> _The problem_:
When you output the records, match them exactly and omit any picture they include.

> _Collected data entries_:
###

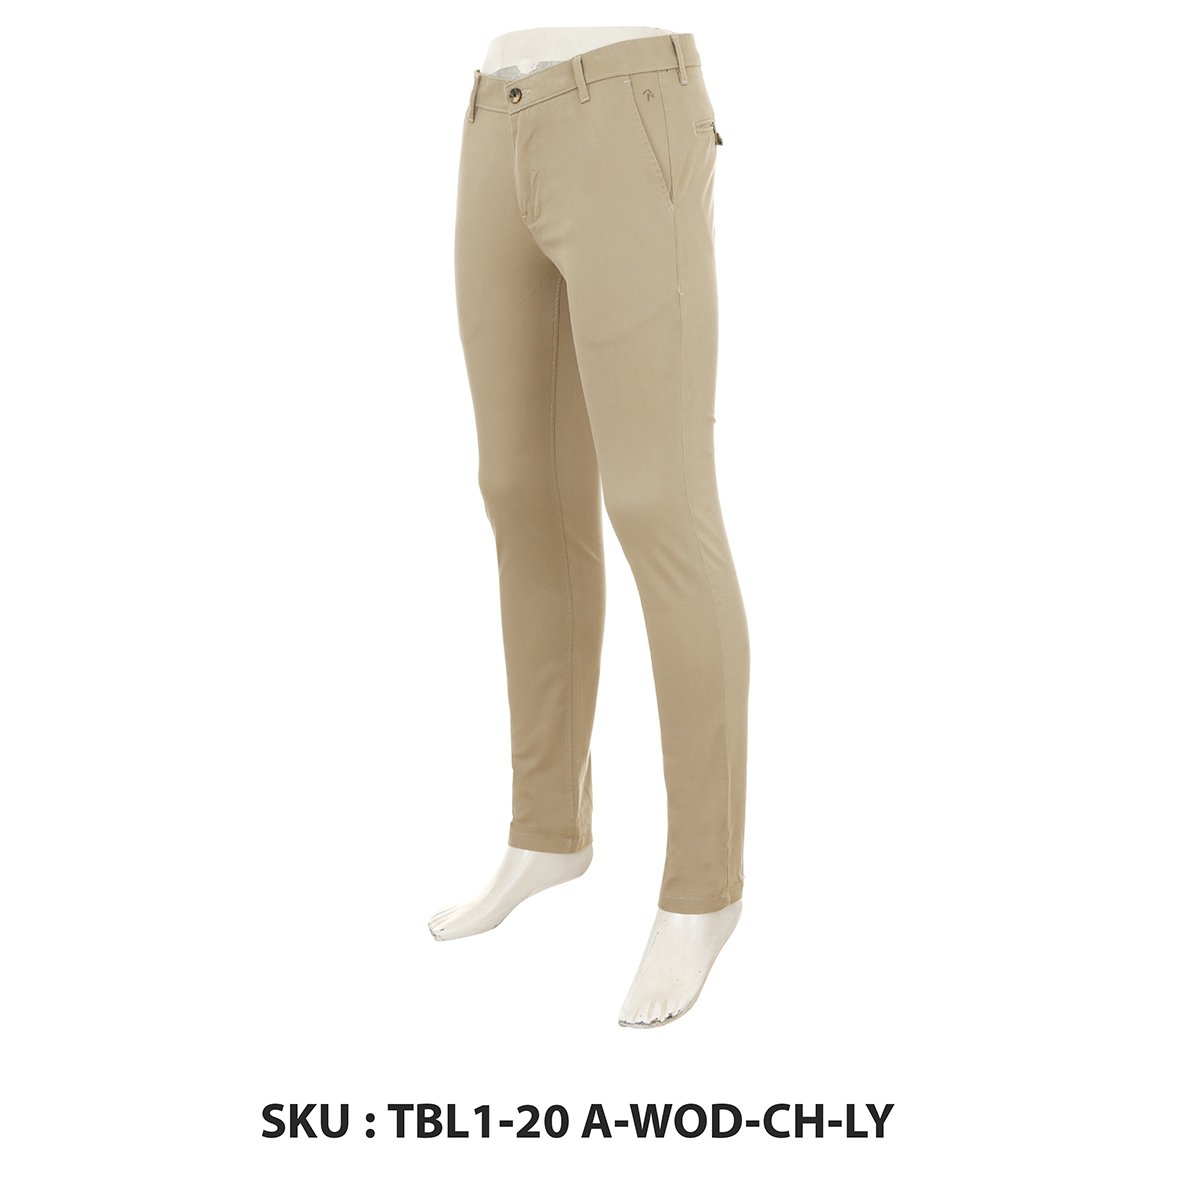 Classic Polo Mens Trousers Tbl1-20 A-Wod-Ch-Ly Wood 42
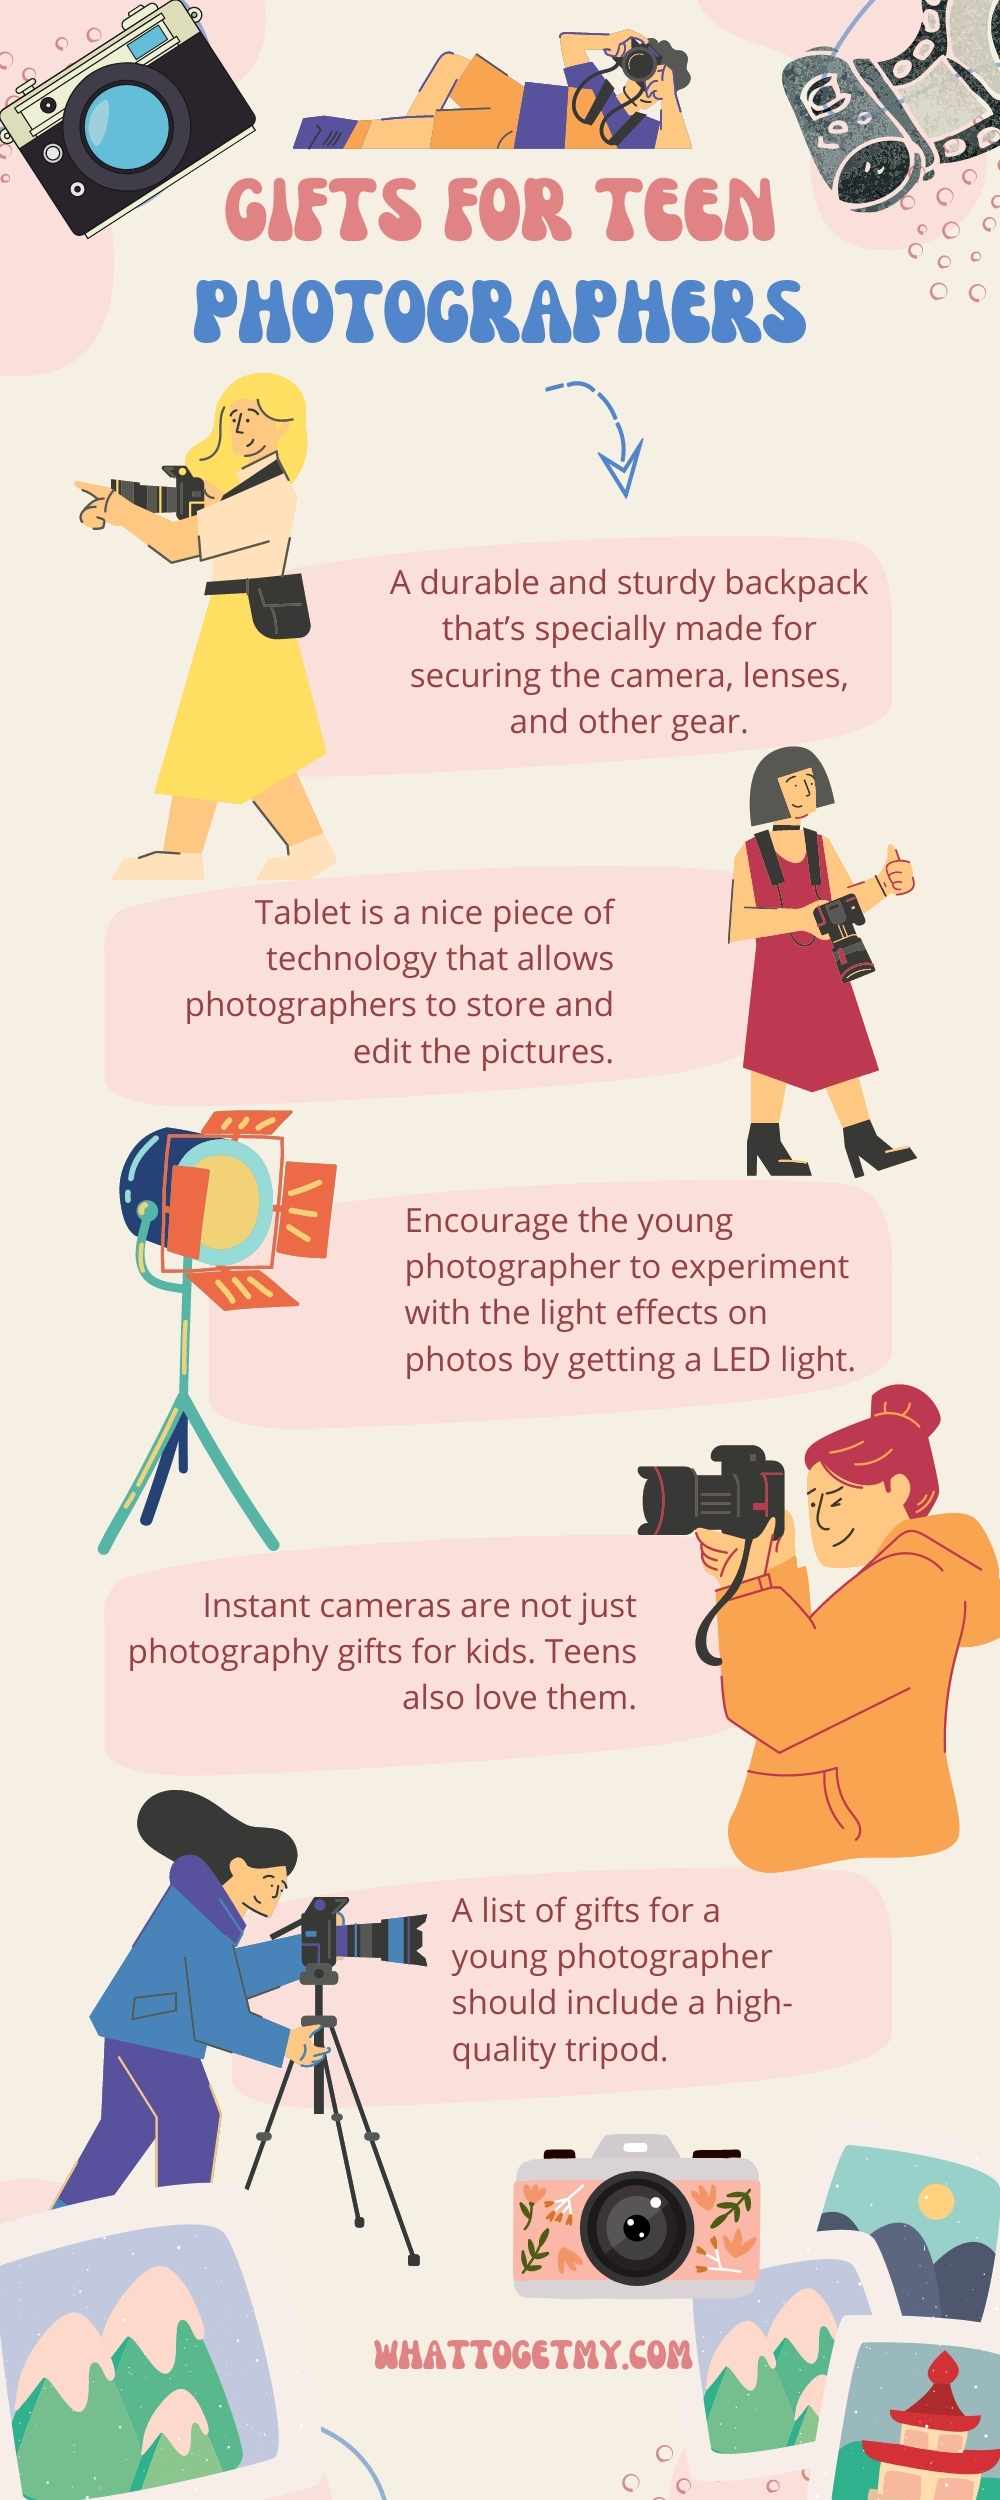 GIFTS FOR TEEN PHOTOGRAPHERS
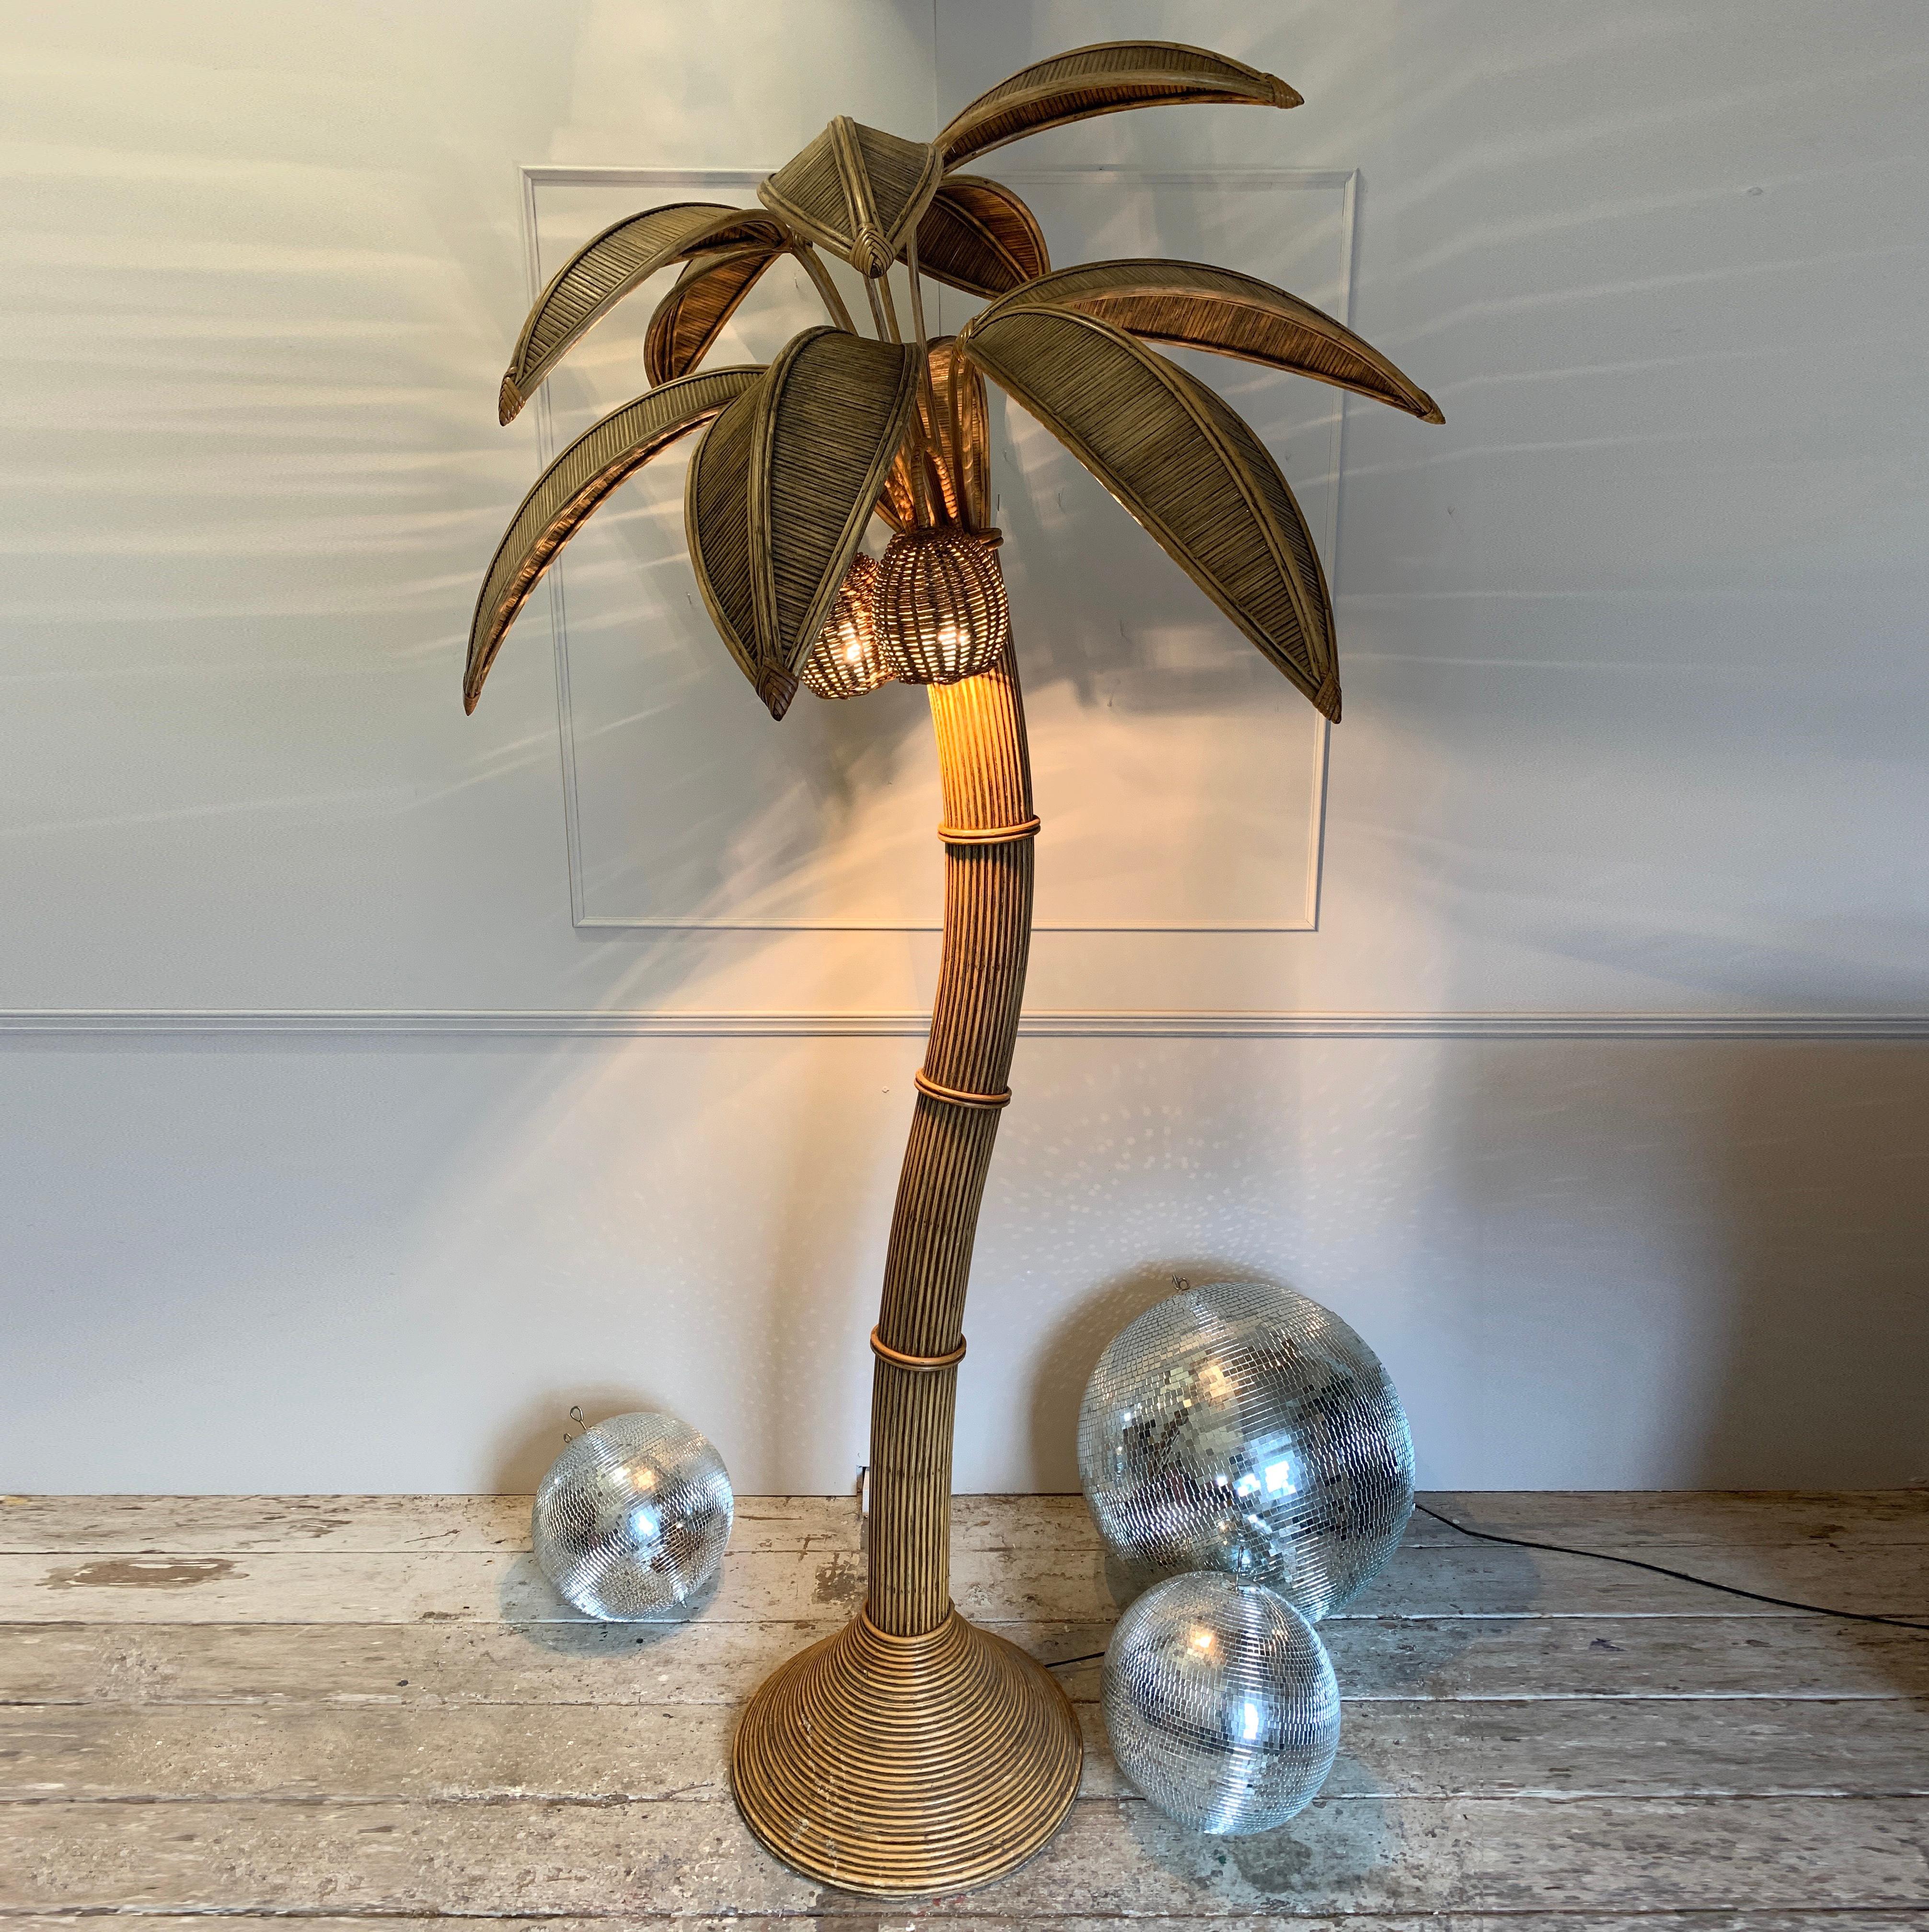 Mid Century Rattan Palm Tree Floor Lamp
In The Style Of Mario Lopez Torres
Large Rattan Palm Tree Floor Light
There Are 3 Bulbs Hidden In The Coconuts
France 1970’S
There Are 10 Leaves, 5 Large, 5 Smaller. These Are Removable And

###

> _Exercise output_:
 Classic Polo Mens Trousers Tbl1-20 A-Wod-Ch-Ly Wood 42
 GIFTS FOR TEEN PHOTOGRAPHERS
 Mid Century Rattan Palm Tree Floor Lamp
In The Style Of Mario Lopez Torres
Large Rattan Palm Tree Floor Light
There Are 3 Bulbs Hidden In The Coconuts
France 1970’S
There Are 10 Leaves, 5 Large, 5 Smaller. These Are Removable And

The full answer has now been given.